The Complete Guide to: Beagles

Cheeky and curious by nature, Beagles are a fun-loving dog that will fit into almost any family home. Known for their bravery and loyalty, there are plenty of things to love about them. Like any dog though, they need lots of TLC. Here’s more on the Beagle, and how to give them the home they deserve.


There’s some debate over the Beagle name, and where it originates from. Their history as a breed throws up similar ambiguity, with some references of dogs like the ones we know today stretching right back to ancient Greece. What we do know, however, is that the Beagle we recognise today was established in England in the 15th century. References of UK Beagle breeders are documented in detail from as early as the 19th century.

You’ll hear of both “pocket” Beagles and the average-sized version of the breed. Generally speaking, miniature Beagles aren’t quite as popular as they once were in the UK. The USA does still have two sizes of Beagle, those under 13 inches and those between 13 and 15 inches. The smaller size stems from their history as hunting hounds, used to seek out smaller prey like rabbits which typically evaded larger breeds.

Today, Beagles are popular throughout the world thanks to their easy-going nature, adaptability and winning personalities. Because of its long history, there’s plenty of support for the Beagle, with groups keen to keep the breed going, rather than letting it fall into extinction like some earlier Beagle-type dogs.

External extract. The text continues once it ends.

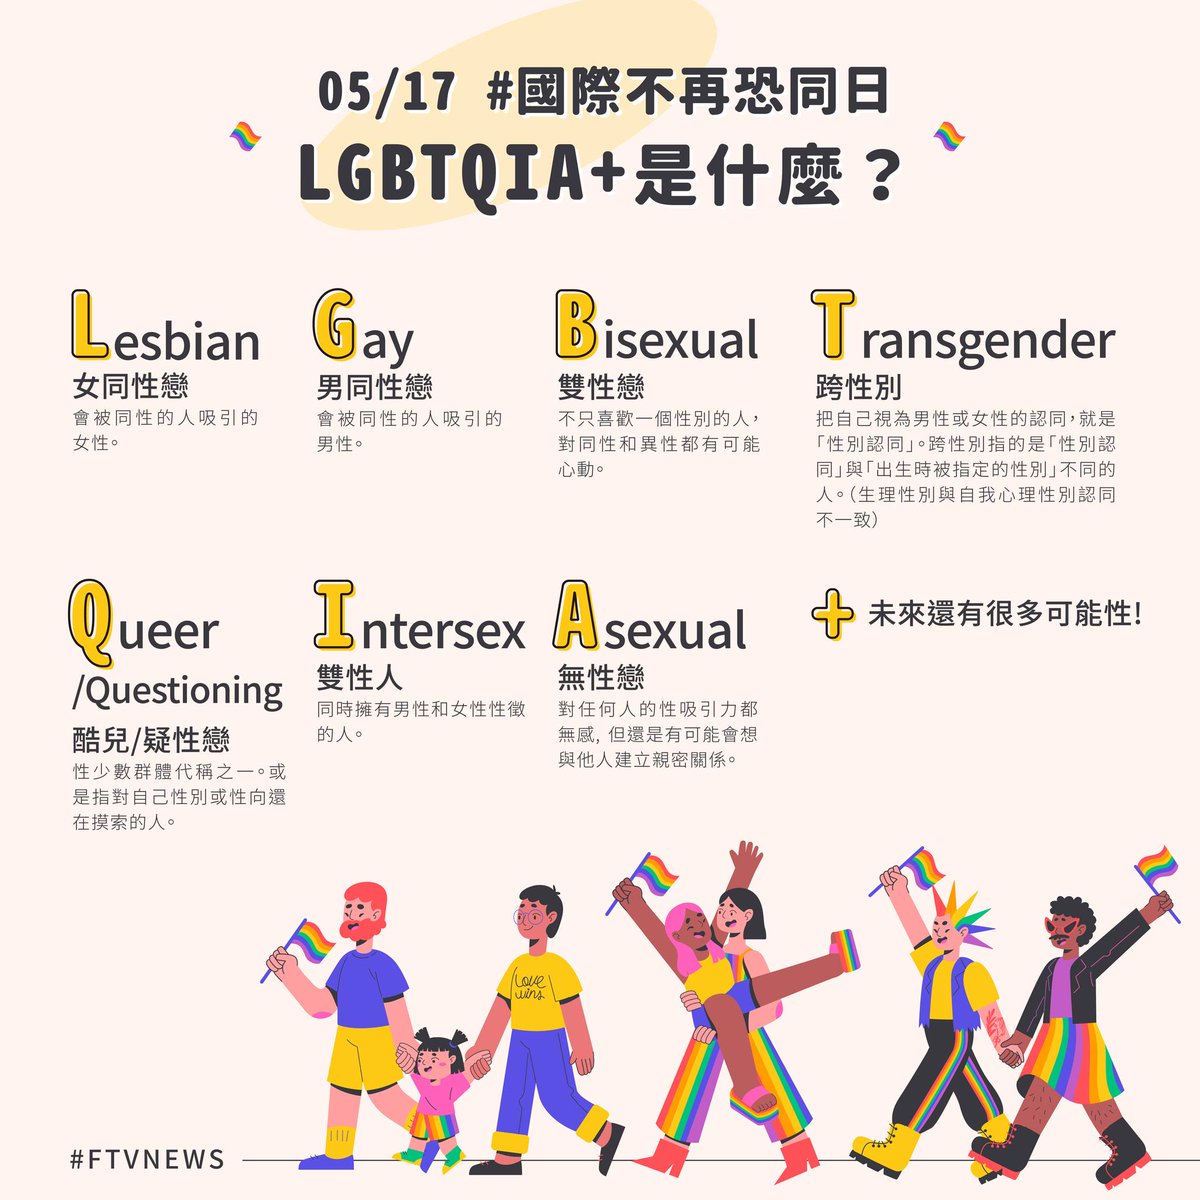 ▌5/17國際不再恐同日LGBTQIA+ 到底是什麼？ LGBTQIA+分別代表不同性傾向或性別身分認同的性少數群體，全部加在一起，就是一個「性小眾」的總稱，而「+」有持續增加中的意思，也代表在未來還有更多元的可能性！
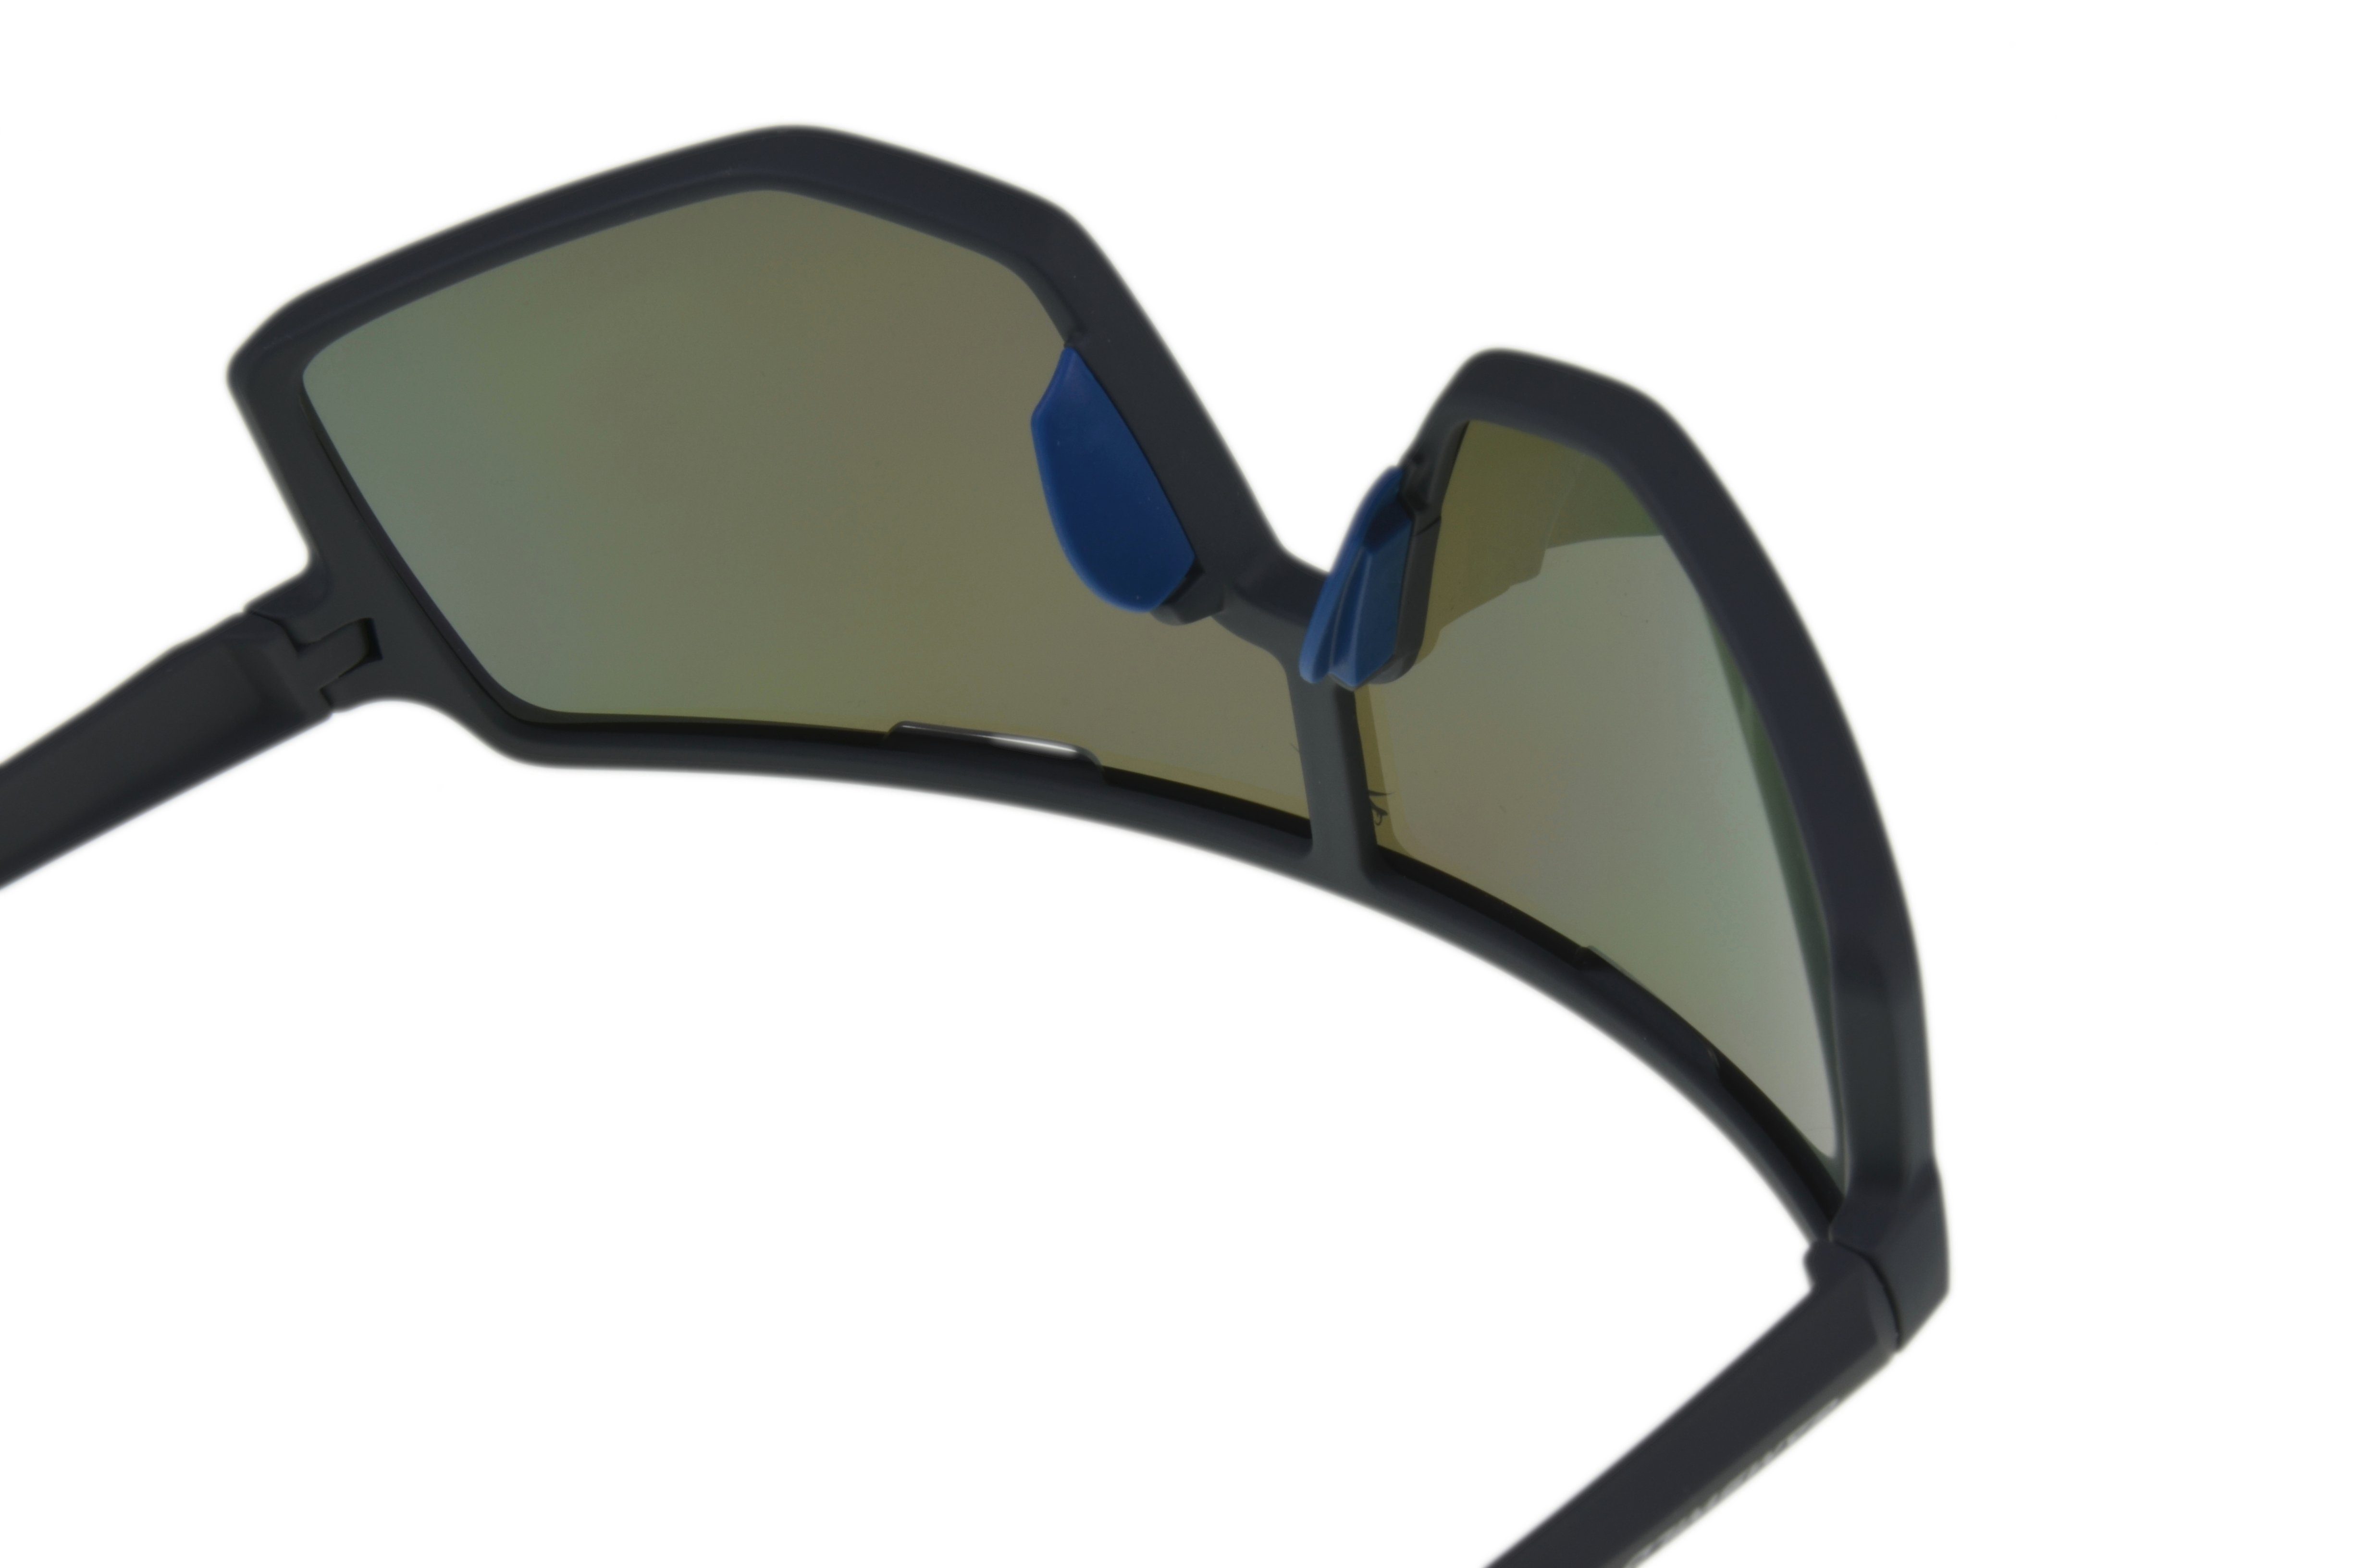 Herren Sonnenbrille schwarz-rot, Unisex lila, Gamswild Unisex, Skibrille grün Damen TR90 WS4042 Fahrradbrille Sonnenbrille schwarz-blau,

Small, sturdy and athletic, Beagles are nimble and energetic. This comes across in both their physique and their intelligent little faces. Part of their appeal within some busier households is the fact that they require little grooming. Their short, shiny coats are both weatherproof and easy to maintain, and theycome in all hound recognised colours ie:Tricolour (black, tan and white); blue, white and tan; badger pied; hare pied; lemon pied; lemon and white; red and white; tan and white; black and white; all white. With the exception of all white, all the above mentioned colours can be found as mottle.

They are classed as small-to-medium dogs, standing at around 13 to 16 inches tall in adulthood. With medium-length heads, kind and inquisitive wide-set eyes, and rounded ears, they exude intelligence and kindliness. They’re supple movers and well balanced in terms of their physical stature too.


Perfect for first-time dog owners, and families with children of all ages, Beagles are sociable, friendly and love to get up to mischief. This will give you all hours of fun, and their playful nature will keep you entertained. However, because they are easily over-excited, it’s always wise to keep an eye on them with little children.

They are prone to wandering, particularly if they catch an interesting scent. That means you’ll need to be on your toes when you’re exploring, as well as ensuring your back garden and other outdoor areas are securely fenced in.

With an innate desire to please their owners, they’re adaptable and eager to learn new tricks and skills. Despite their excitable, exuberant personality, they only need around one to two hours’ exercise a day, and they’ll be keen to experience a range of walks and activities.


It’s easy to think that given their energetic character, Beagles need to be kept on-the-go from day one, but it’s best to give them short bursts of activity to avoid putting stress on their little limbs and joints. If they appear tired, stop your activity and give them a break.

Stimulation is another top tip for Beagle owners, and remembering that they are scent hounds is the key here. That means games that include seeking things out - as well as walks with lots of interesting scents for them to track - will help keep them happy.

Training Tips

  • Scent games at home – any dog can become stressed if left for long periods. One way to help reduce this in Beagles is to use the technique of scent games even when you’re out. Leaving a few toys and treats for them to seek out will help engage their inquisitive minds.
  • Socialisation – Beagles can bark, especially if they’re alone or stressed. Early socialisation with a variety of people and other dogs will help accustom them to different situations. You can do this both at home and through local puppy parties.
  • Zoning areas – crate training is a universal way of comforting dogs when at home, especially if they are left alone, or if they need a quiet, safe place to retreat to. This is something you can integrate into your routine from an early age, but you can also gate off areas to zone them, with sleeping, feeding and water areas set up in suitable places throughout your home. This will give them comforting familiarity and predictability.
  • Simple commands – commands such as “sit”, and “fetch” can be used on walks and at home from early on,which can help build a stronger bond with your Beagle,while also exerting the mental muscles these dogs are so keen to flex.


Beagles are known thieves when it comes to food, and they are prone to put on weight. Beagle puppies are also susceptible to tummy complaints, so any changes to diet need to be taken gradually, and with the advice of your vet. Because of all these factors, it’s important to get proper guidance before setting up food and exercise routines.